时间:2018-06-09 08:43:32

标签: r bioinformatics dna-sequence

我们知道三组密码子编码氨基酸,例如ATG编码仅用于M(蛋氨酸)和ATC,ATA,ATT编码用于I(异亮氨酸) 对于编码M,DNA序列中ATG的百分比总是为1,对于编码I,DNA序列中ATC的百分比总是为0.33,如ATA和ATT。 我想制作一个函数,可以计算序列中密码子的数量,然后计算形成特定氨基酸的频率百分比。

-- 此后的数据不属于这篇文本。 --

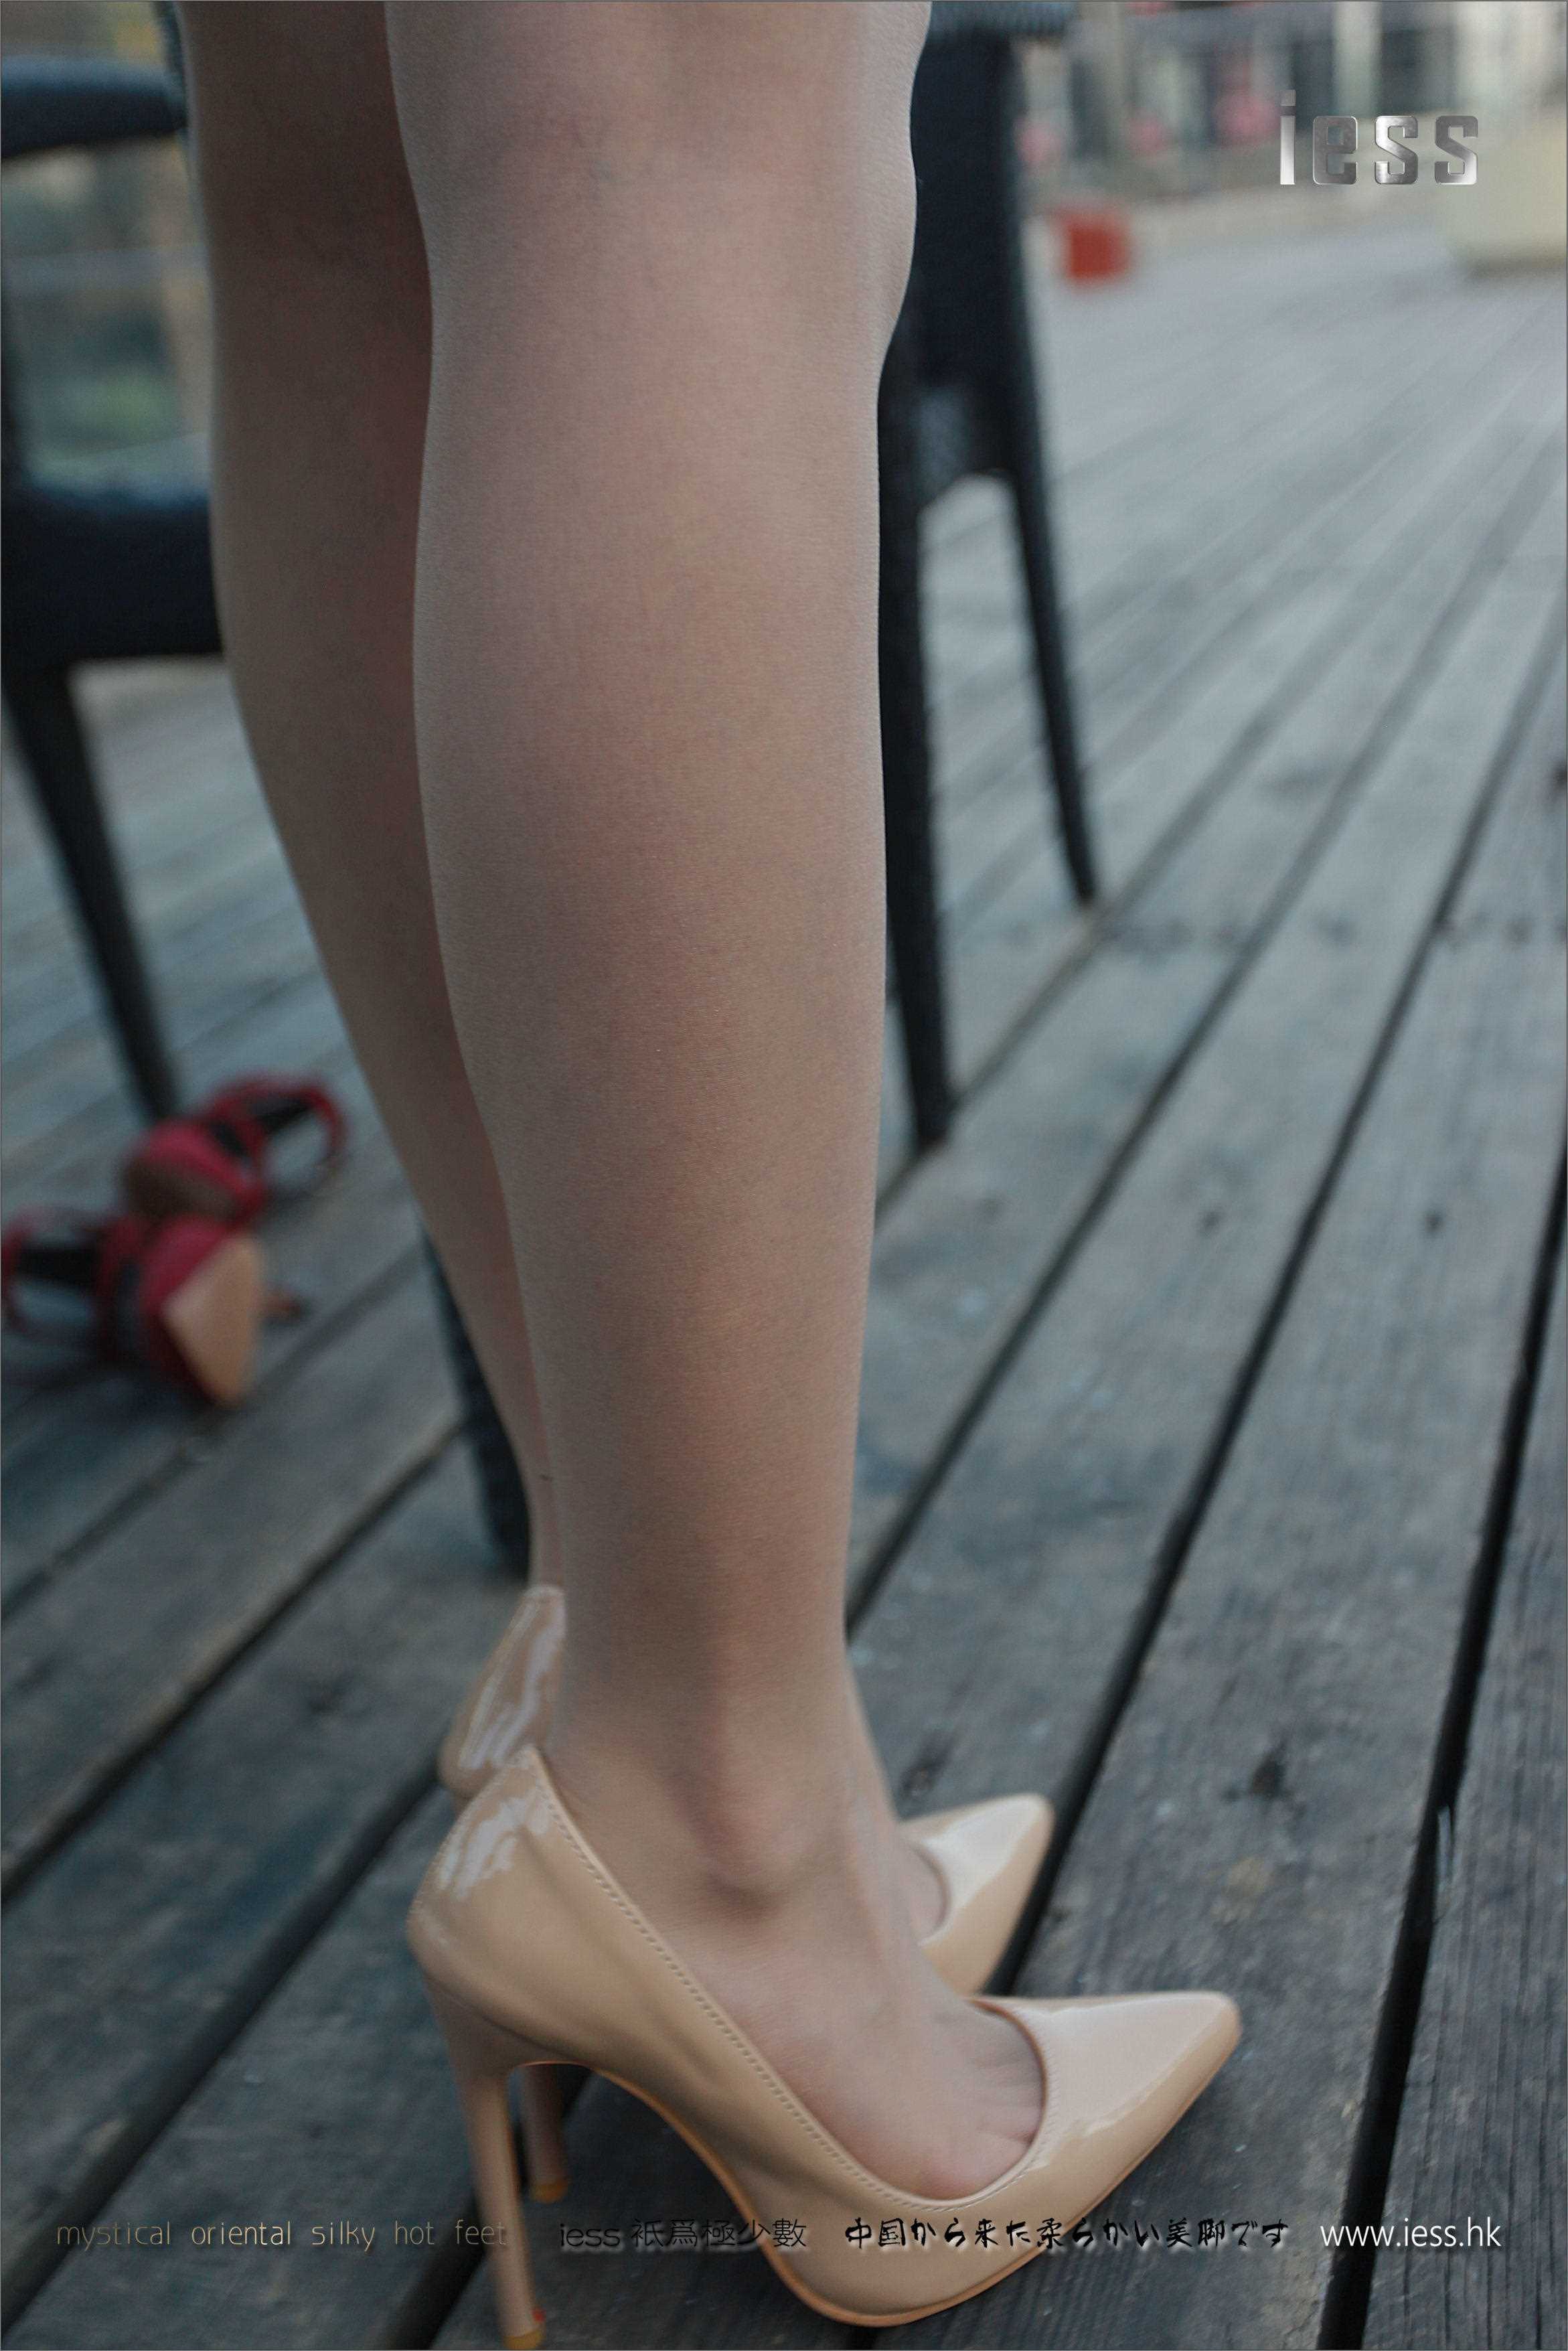 China Beauty Legs and feet 178
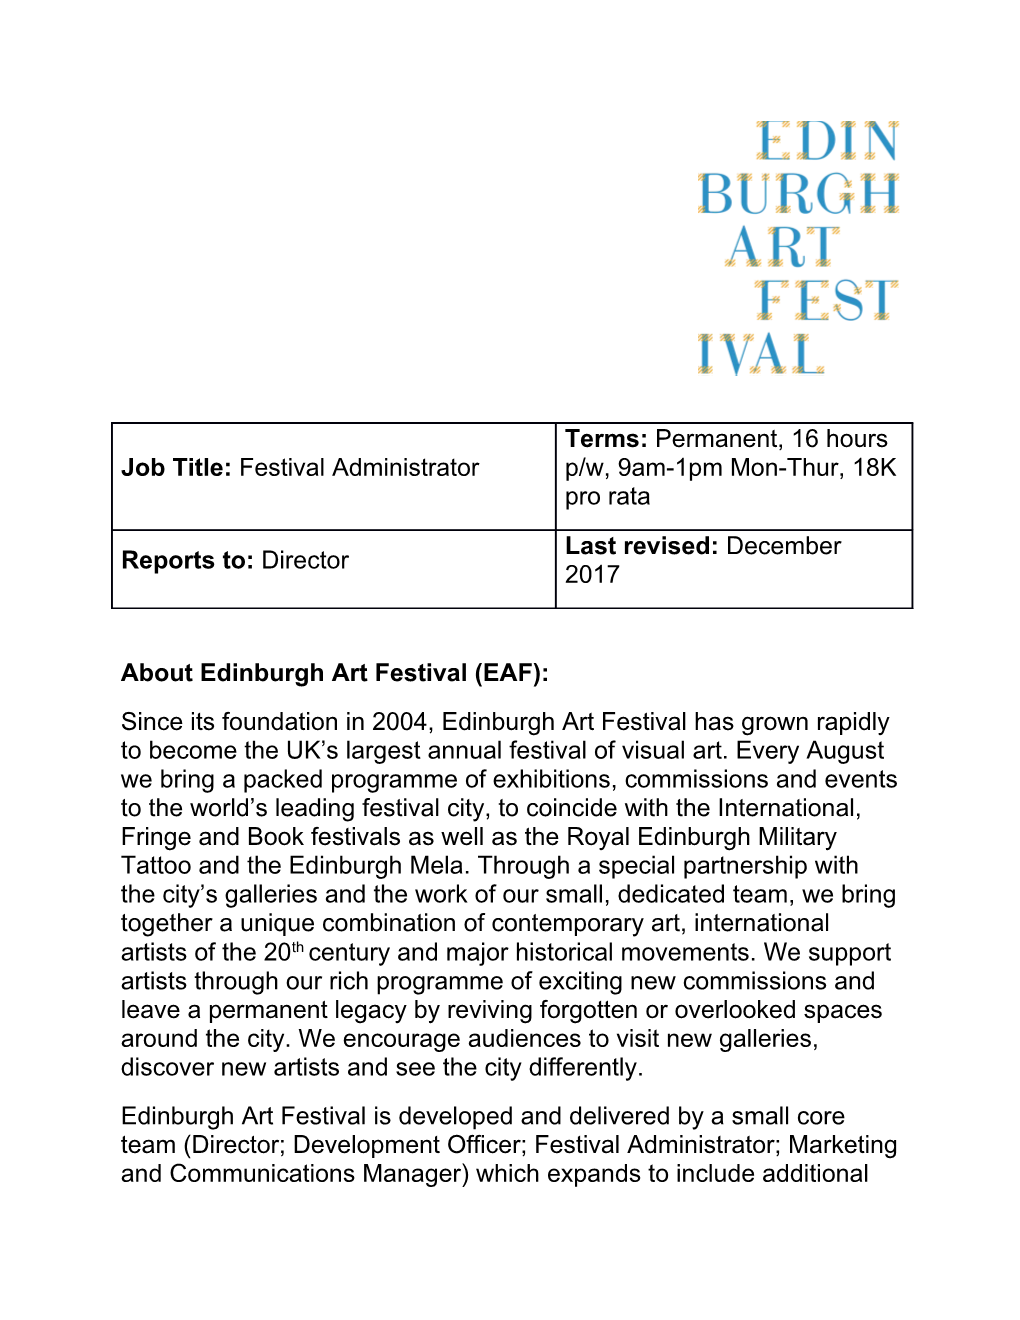 About Edinburgh Art Festival (EAF)

codon <- list(ATA = "I", ATC = "I", ATT = "I", ATG = "M", ACA = "T", 
              ACC = "T", ACG = "T", ACT = "T", AAC = "N", AAT = "N", AAA = "K", 
              AAG = "K", AGC = "S", AGT = "S", AGA = "R", AGG = "R", CTA = "L", 
              CTC = "L", CTG = "L", CTT = "L", CCA = "P", CCC = "P", CCG = "P", 
              CCT = "P", CAC = "H", CAT = "H", CAA = "Q", CAG = "Q", CGA = "R", 
              CGC = "R", CGG = "R", CGT = "R", GTA = "V", GTC = "V", GTG = "V", 
              GTT = "V", GCA = "A", GCC = "A", GCG = "A", GCT = "A", GAC = "D", 
              GAT = "D", GAA = "E", GAG = "E", GGA = "G", GGC = "G", GGG = "G", 
              GGT = "G", TCA = "S", TCC = "S", TCG = "S", TCT = "S", TTC = "F", 
              TTT = "F", TTA = "L", TTG = "L", TAC = "Y", TAT = "Y", TAA = "stop", 
              TAG = "stop", TGC = "C", TGT = "C", TGA = "stop", TGG = "W")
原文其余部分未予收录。